■ What the task requires: When you reach the line containing "Smiling boy laying on grass lawn Stock Photo", begin reproducing the material exactly, stop after the line containing "River Rocks - Acrylic", and leave out any pictures along the way.

[[ Dataset records, beginning ]]

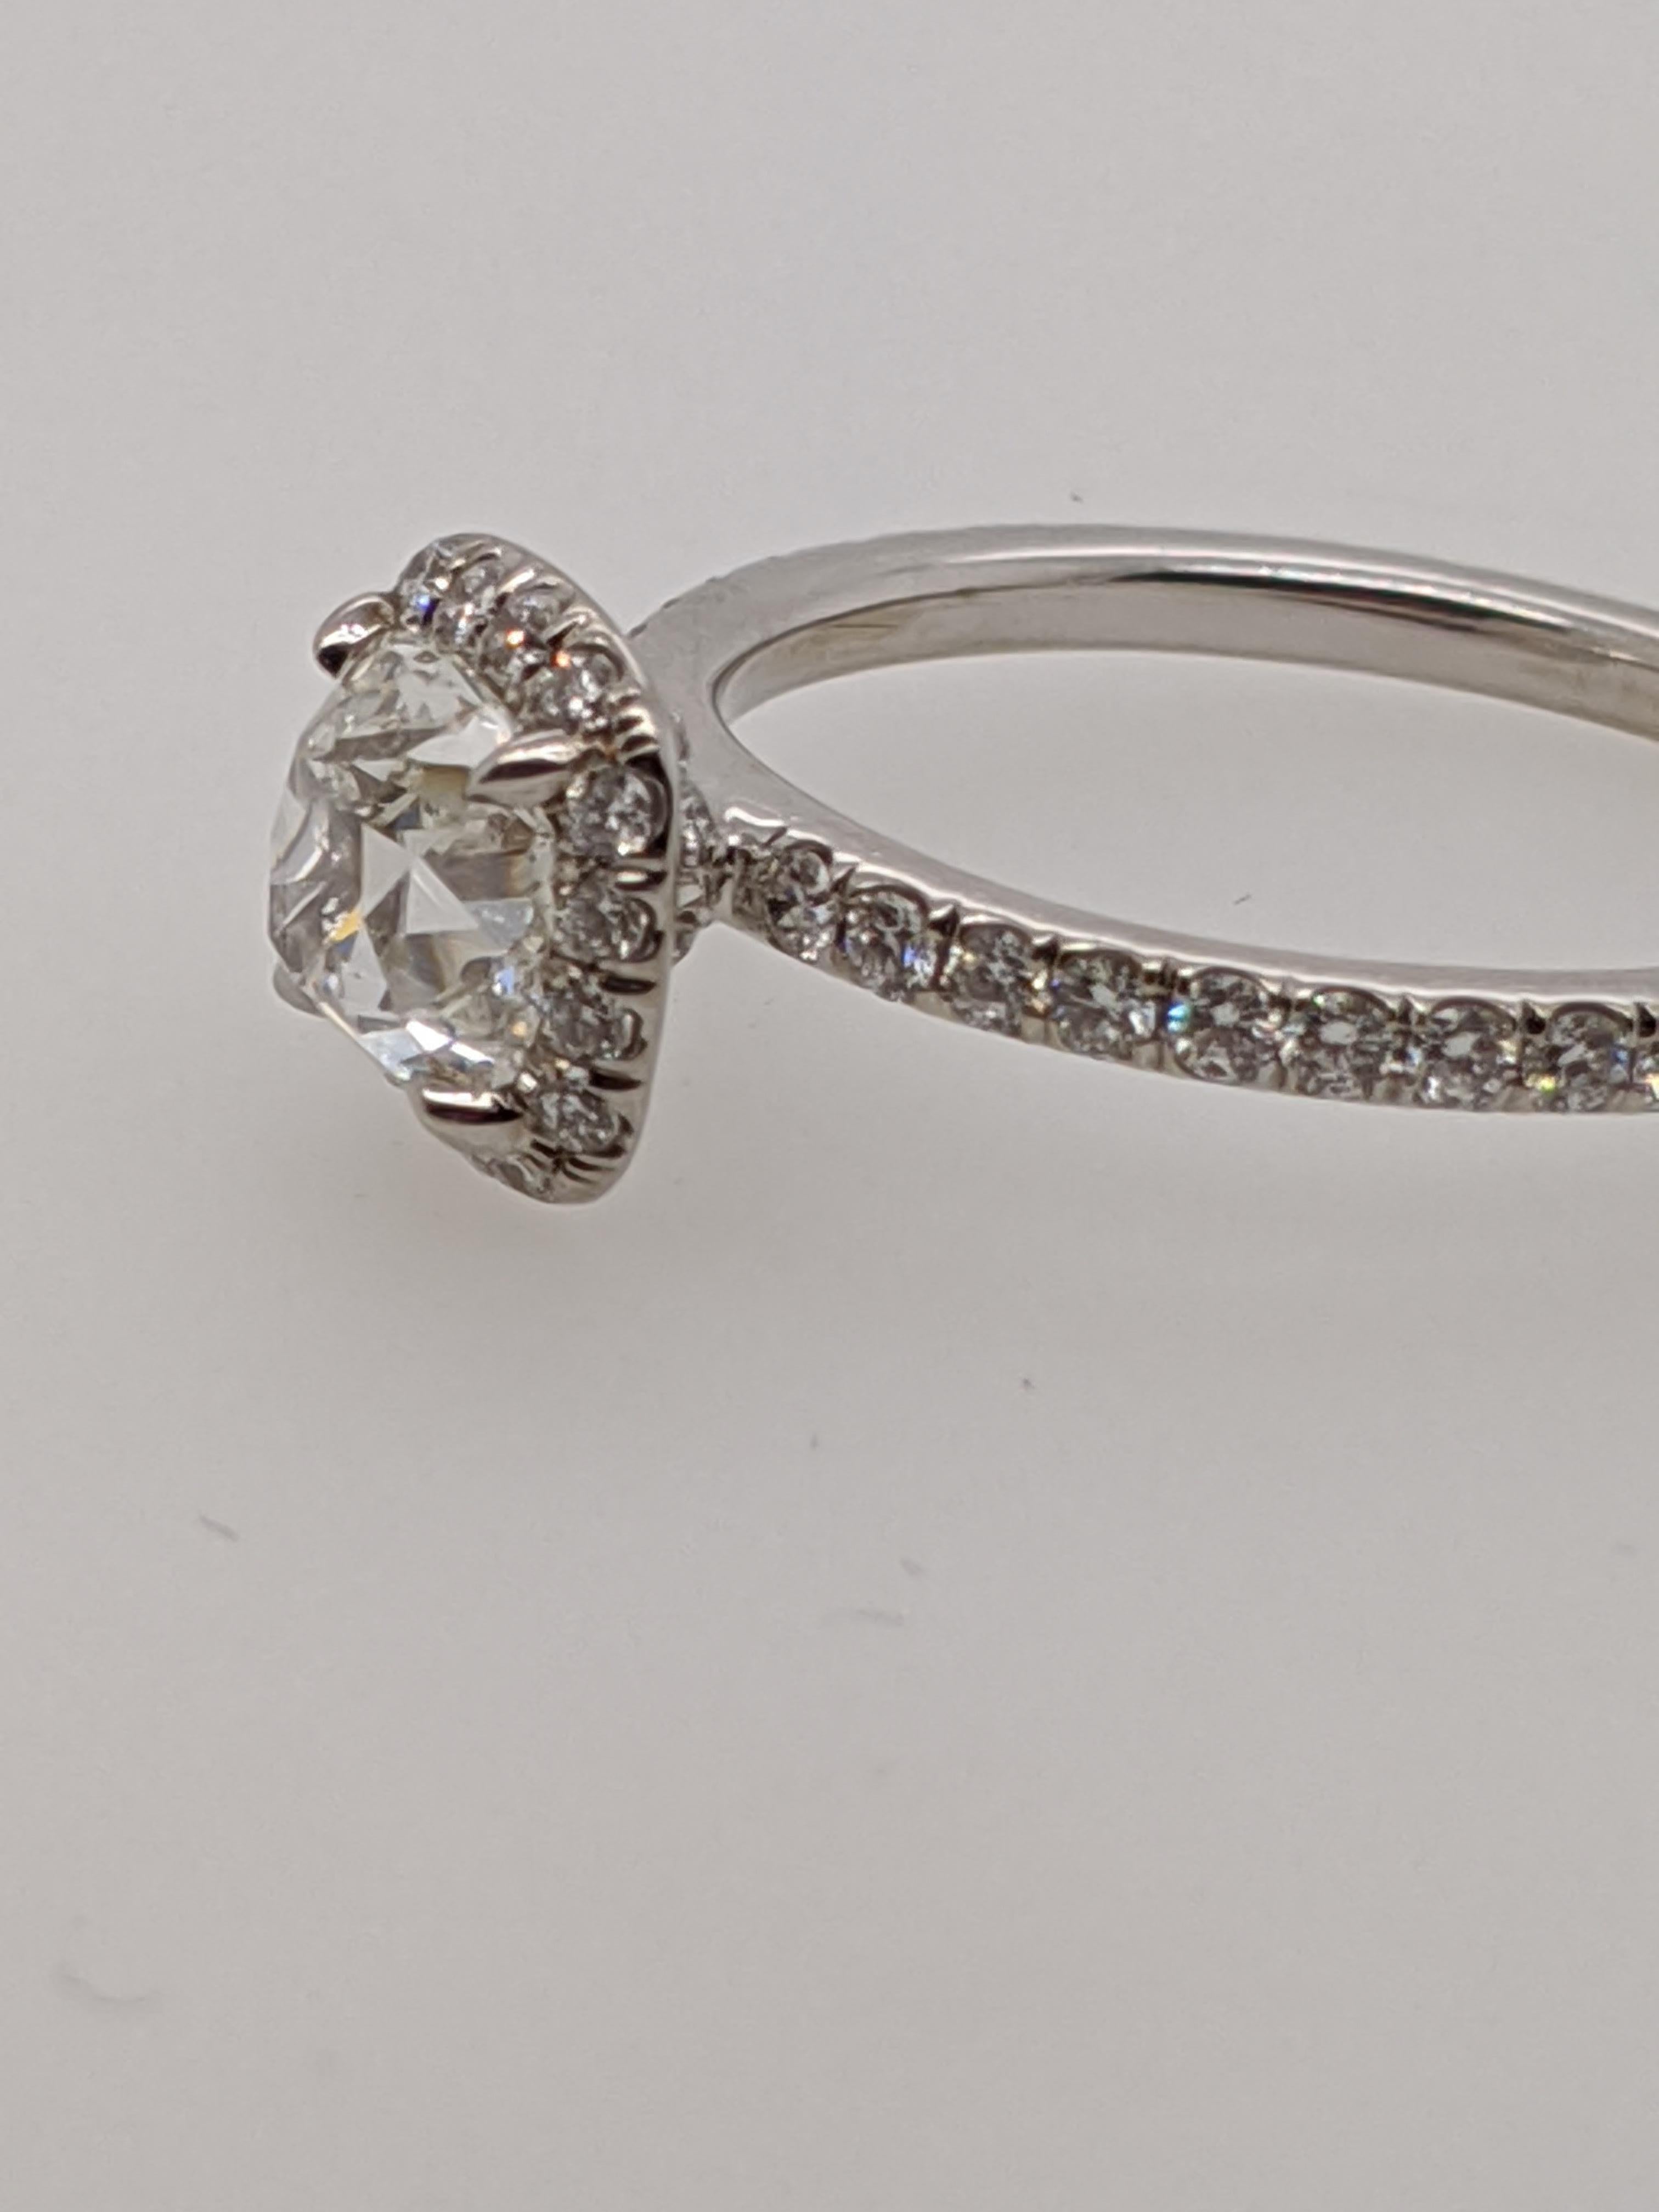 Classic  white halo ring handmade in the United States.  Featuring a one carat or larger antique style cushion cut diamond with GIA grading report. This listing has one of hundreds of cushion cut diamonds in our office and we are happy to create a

[[ Dataset records, end ]]
[[ Dataset records, beginning ]]

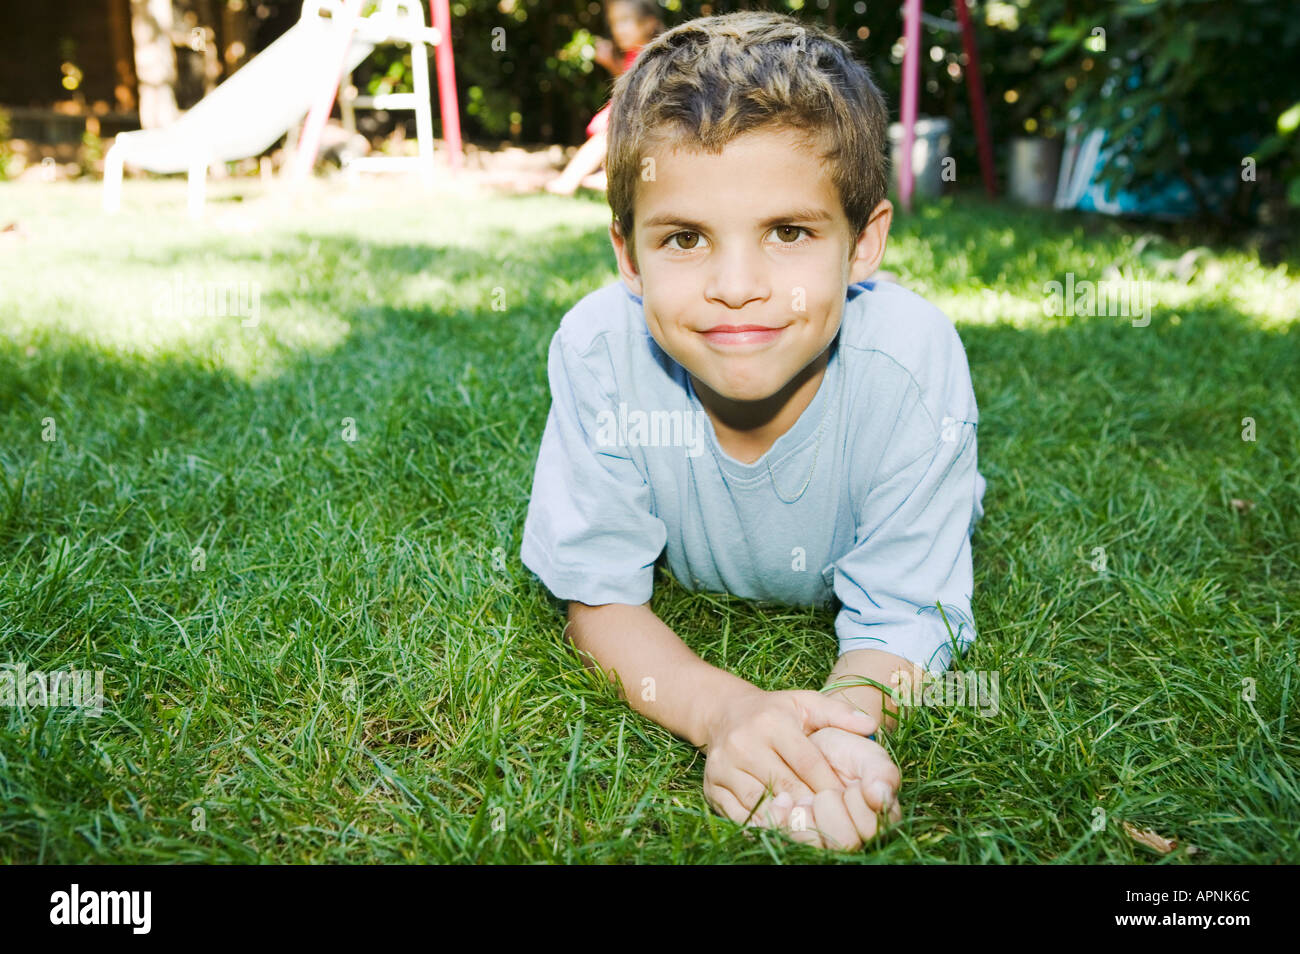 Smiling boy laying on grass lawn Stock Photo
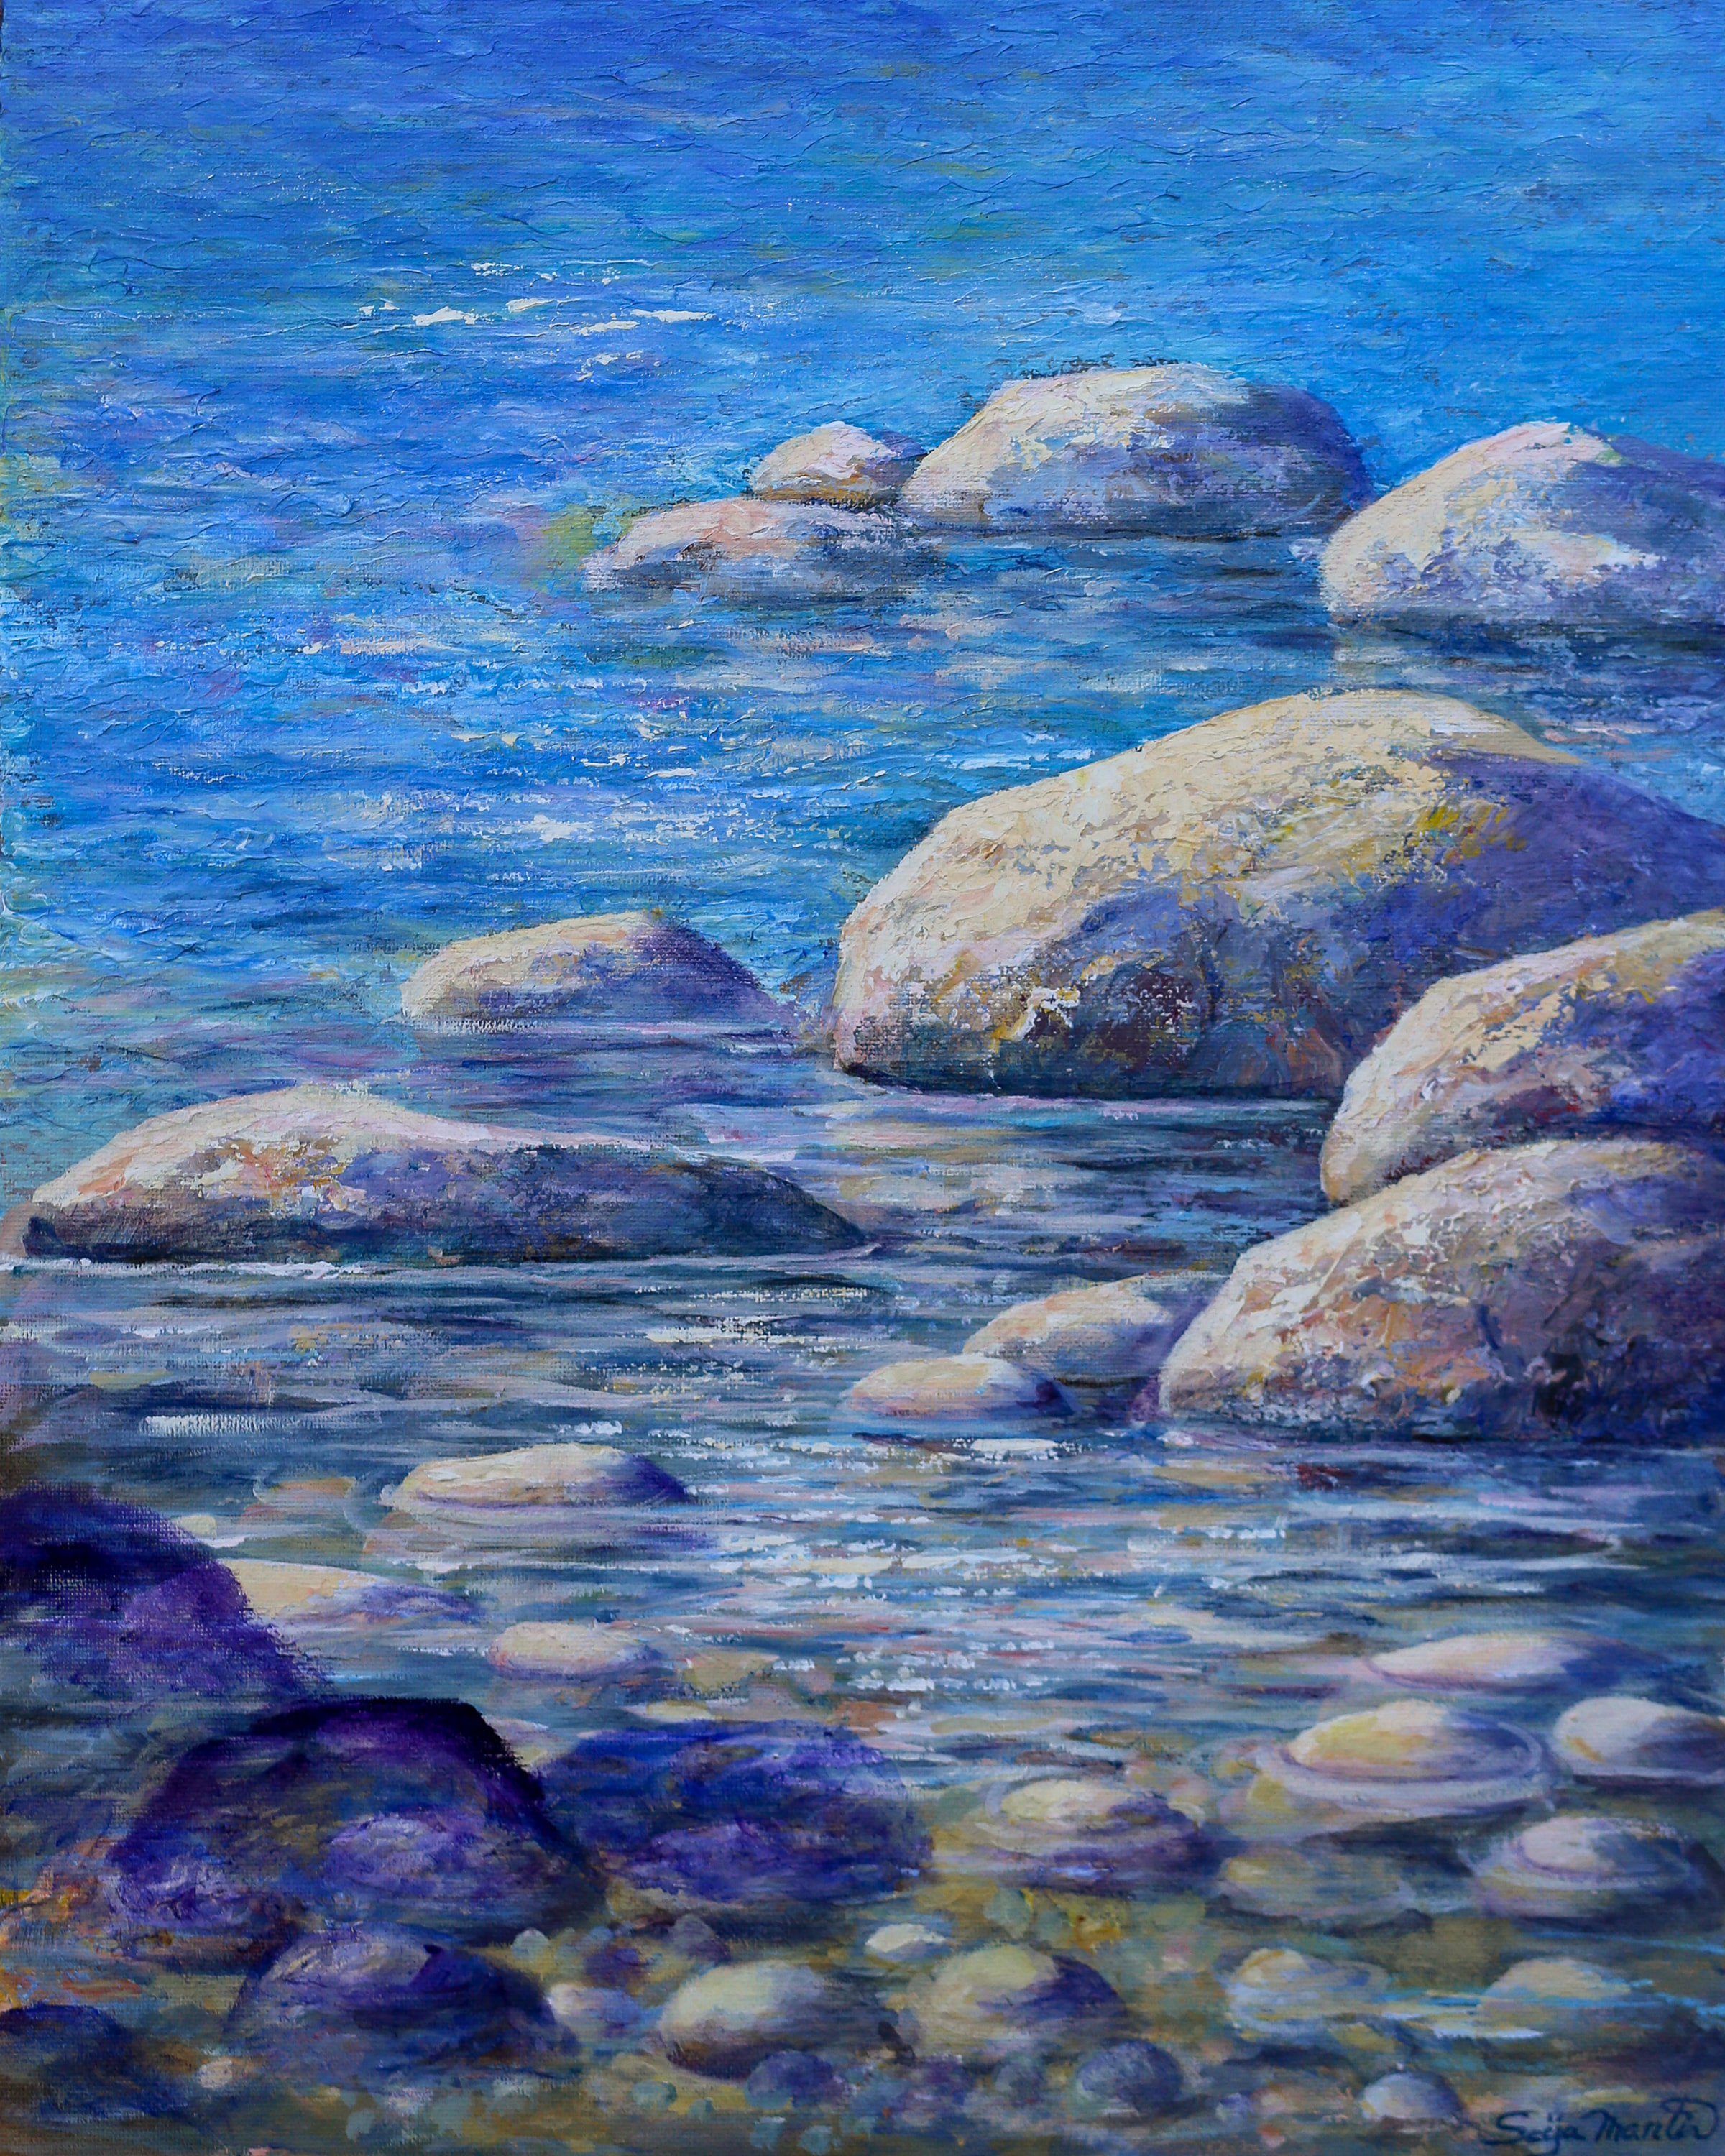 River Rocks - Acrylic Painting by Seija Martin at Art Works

[[ Dataset records, end ]]

■ Your solution:
 Smiling boy laying on grass lawn Stock Photo
 River Rocks - Acrylic Painting by Seija Martin at Art Works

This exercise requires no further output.